The Pearls of Life:

101 Simple Ways to Health and Happiness

Give Yourself Psychotherapy Sessions

give yourself psychotherapy sessions largeI think, therefore I feel.

There are different kinds of psychotherapies. The image of a person freely associating on a couch to a therapist is mostly attributed to psychoanalysis, which was started by Freud.

There is another psychotherapy that I have found helpful with my patients, as well as in my personal life. It is cognitive therapy, a most powerful tool.

Cognitive therapy is now used often to combat depression and anxiety. It has been shown to be as effective as medication treatment for mild to moderate depression. If used correctly, it can possibly change our core beliefs about the world and ourselves.

Cognitive therapy is usually done with a therapist. But I find that we can apply the same principles for our personal use. It is good for managing our everyday blues and preventing the small blues from turning into oppressing monsters.

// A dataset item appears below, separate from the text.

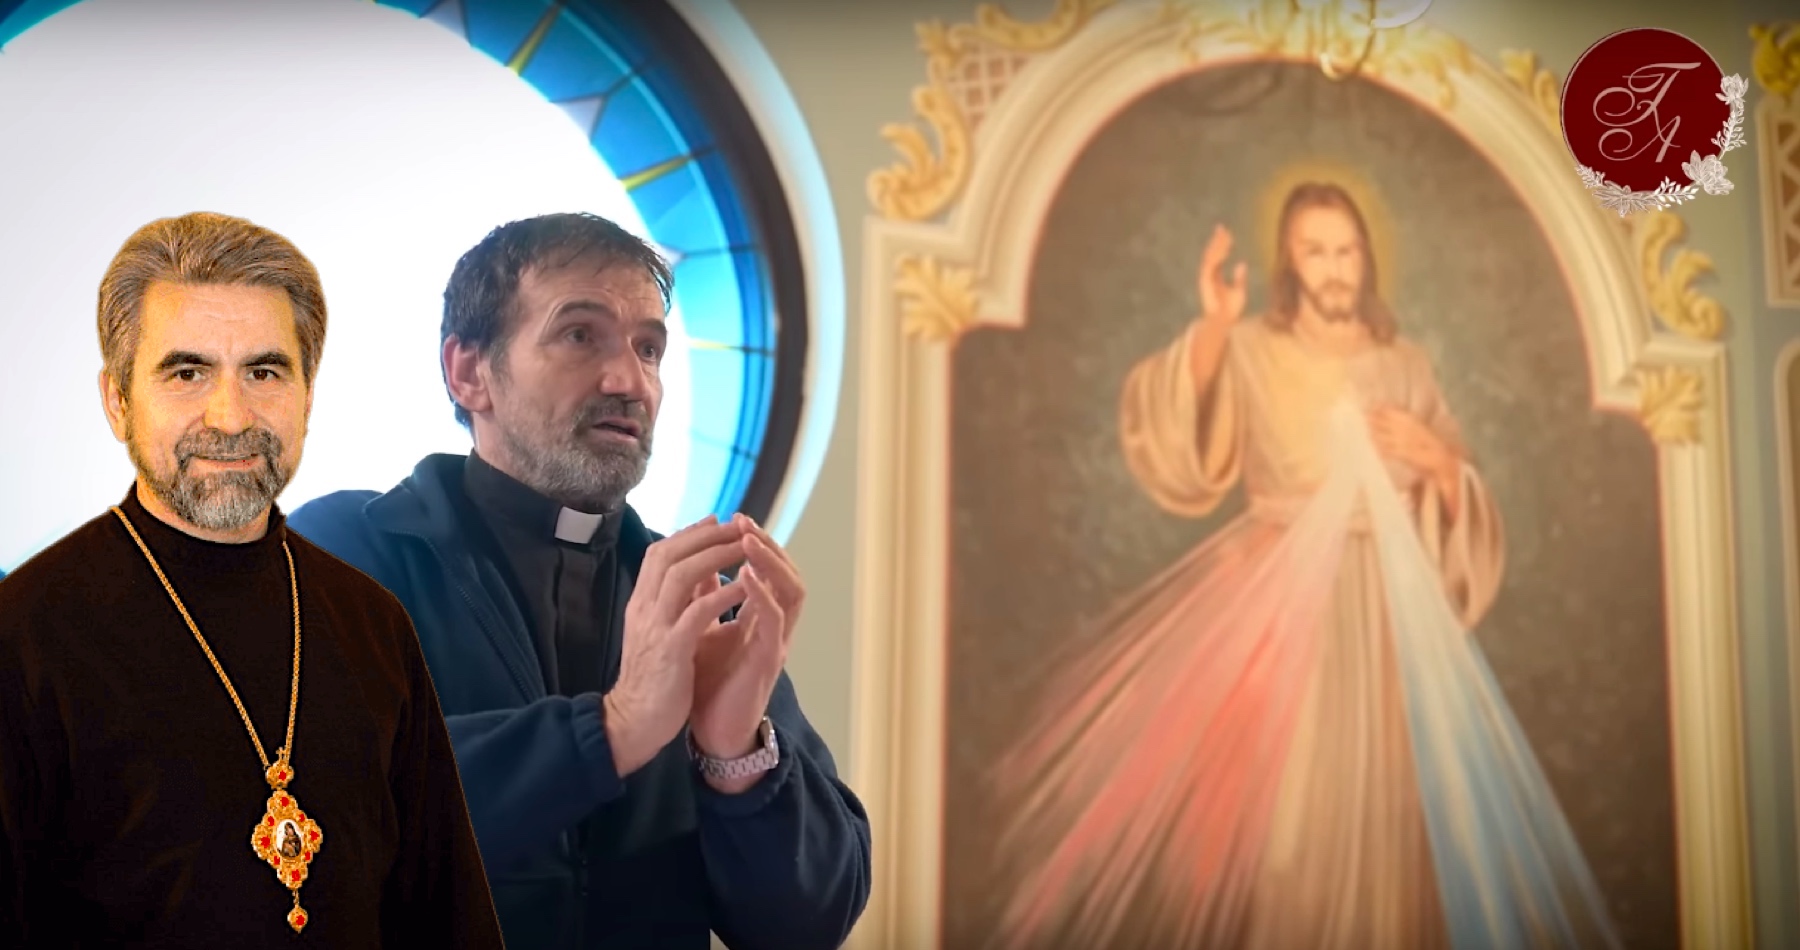 VIDEO: Gréckokatolícky biskup Milan Chautur o prezidentských voľbách, médiách aj o stádovitosti ľud a odkaz kňaza Marián Kuffa, koho nevoliť

The idea behind cognitive therapy is that our thoughts help determine our moods. Changing a thought arising from a given situation will change mood. The mood change then changes the behaviors and physical reactions that come with it. Those of us who are motivated and have the capacity to look inside ourselves benefit most from this technique.

This is how it works. I first look at a negative reaction that I may have to a situation. I entertain the possibility that my perception and interpretation of the situation may be false—colored by my past experiences, my genes, or something inherent in my biological makeup.

With this possibility, I recognize that these false perceptions and interpretations have led to the negative thoughts.

After I realize that my initial automatic negative response may not be based on reality, I try to look beyond the surface. I explore other possible perceptions and interpretations that more closely reflect the reality.

In the end, I decide whether the evidence supports the negative thought or one of the more positive ones. Ideally, I will come to realize that my initial negative perception and interpretation are distorted. Eventually I “reframe” the situation, using the more positive alternative response.

- Try to use the above technique.

- Work with a therapist if you find it easier to have someone else help you with this technique. Each of us has different talents. Even the smartest person may need the expertise and guidance of a professional.

-  Consult friends or family you trust as a sounding board.

-  Check out Feeling Good Handbook by David D Burns.